There are two ways one could take this: one way is he serves as CEO of a bank whose responsibility is essentially babysitting someone else’s mess (Wyatt Detention Center). UMB Financial is part of a larger entity that has shareholders and other board members participating in decision making. His role at UMB is not autonomous. Secondly, he is a Board Trustee of a cultural institution that benefits the community. His part, also not independent, although his last name is over the door, is just one of the many faces of fundraising for the museum. In corporate America, it is not uncommon for executives to sit on the boards of cultural institutions (often tied in by their philanthropy). We do not have to like it, but there it is.

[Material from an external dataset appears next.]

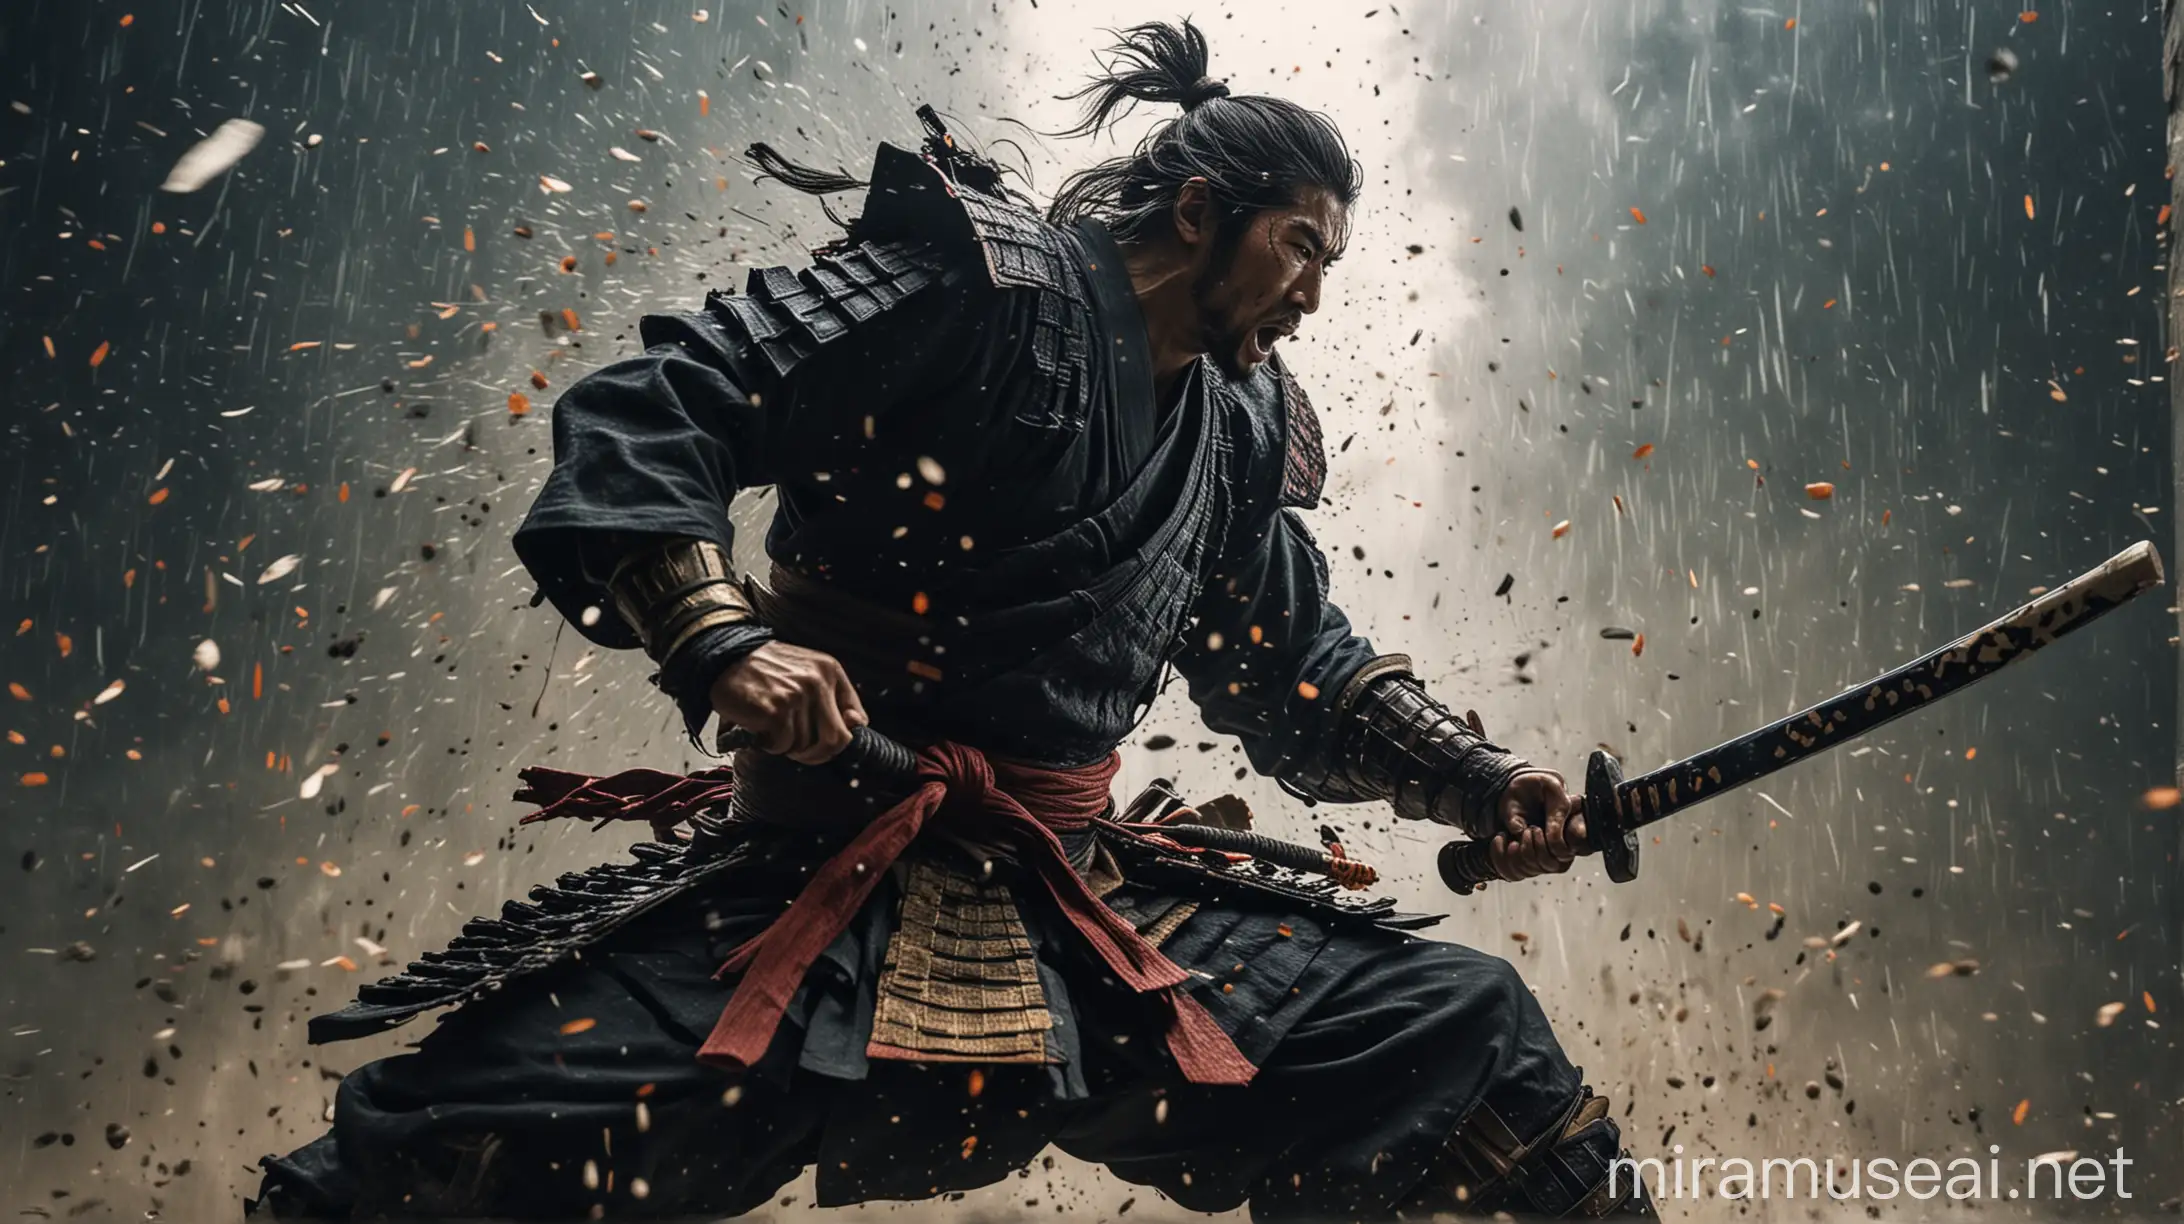 Powerful Samurai Thunderous Slash in CloseUp View
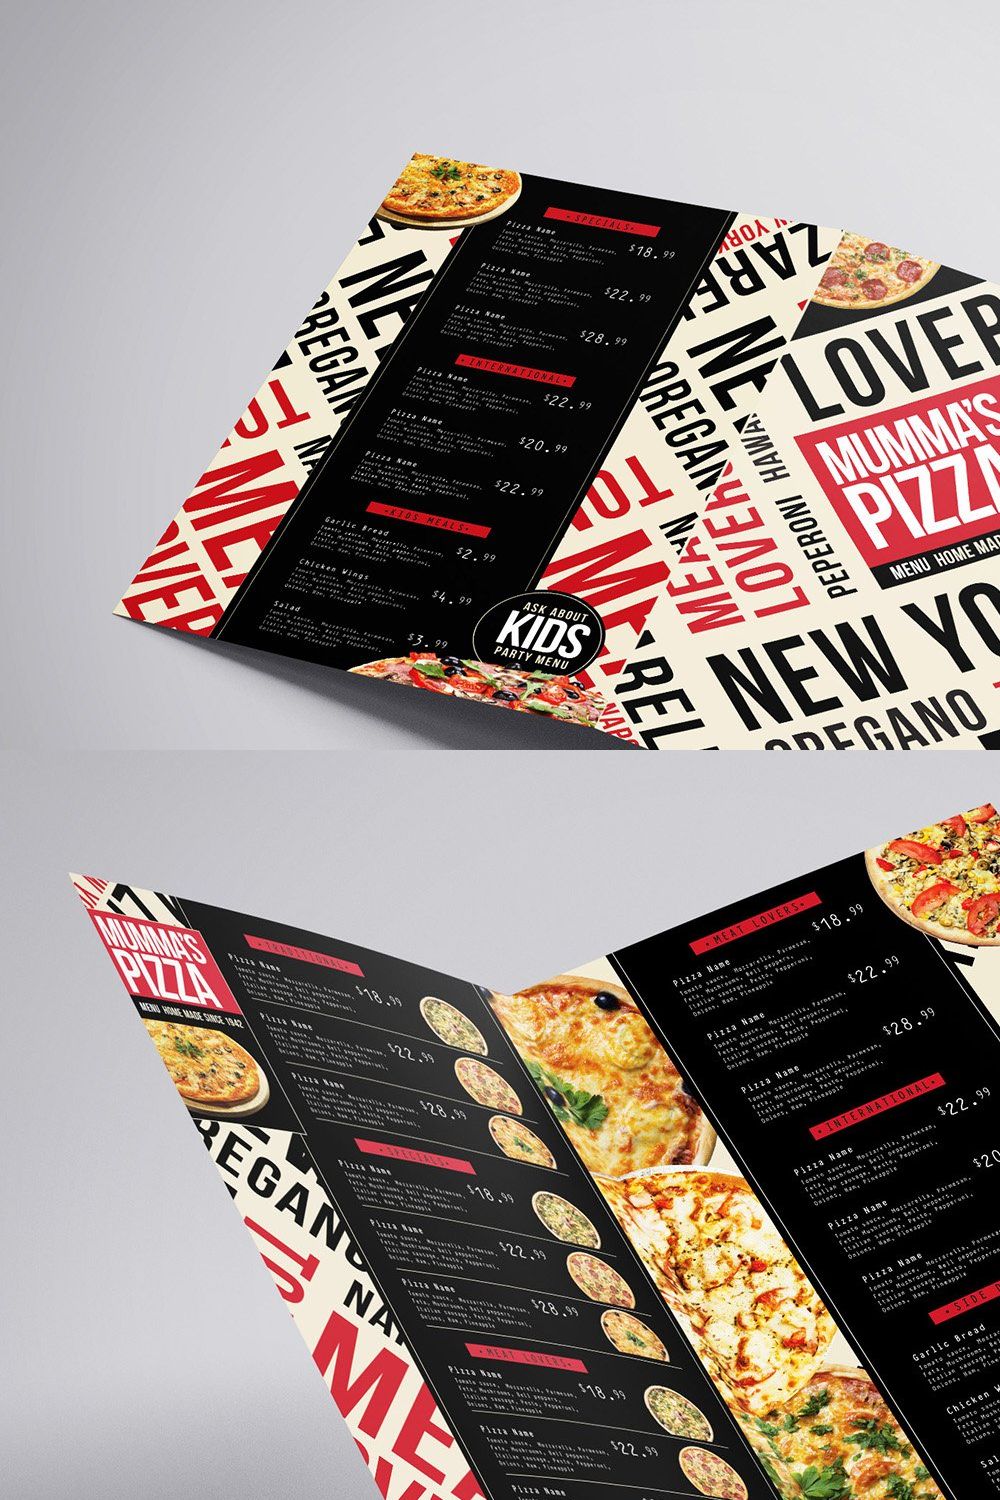 Folding A3 Pizza Menu Template pinterest preview image.

Further to this point, how communities parse their philanthropy will serve to dictate future giving by individual donors. The community members who provide amounts under six figures are often the bread and butter of these institutions. Without them, it leaves open substantial giving from corporations to fill the void, giving them a more significant say in the content.
One has to decide how deep to go regarding the truth about American philanthropy. How do we activate accountability without disarming the institutions that can support it? How angry are we willing to be over this type of giving, who is giving it, and whom we see as representative? That is a decision local protesters and allies need to consider. The focus on responsibility must remain directed where change is decided, for this instance, toward a for-profit prison in Central Falls, Rhode Island.
This conversation is a start to begin a larger one. What role do we want the origins of funding to play? How does capital impact decisions in otherwise socially conscious and often seemingly leftist art institutions? Should we zoom out of our scope in the art world and begin to join people in other spheres who are trying to dismantle oppressive institutions like private prisons systems that support ICE? While we question our relationship to philanthropy, let us also examine how closely such giving hews to the justice and morality of significant organizations that directly affect our citizens, including the American incarceration system.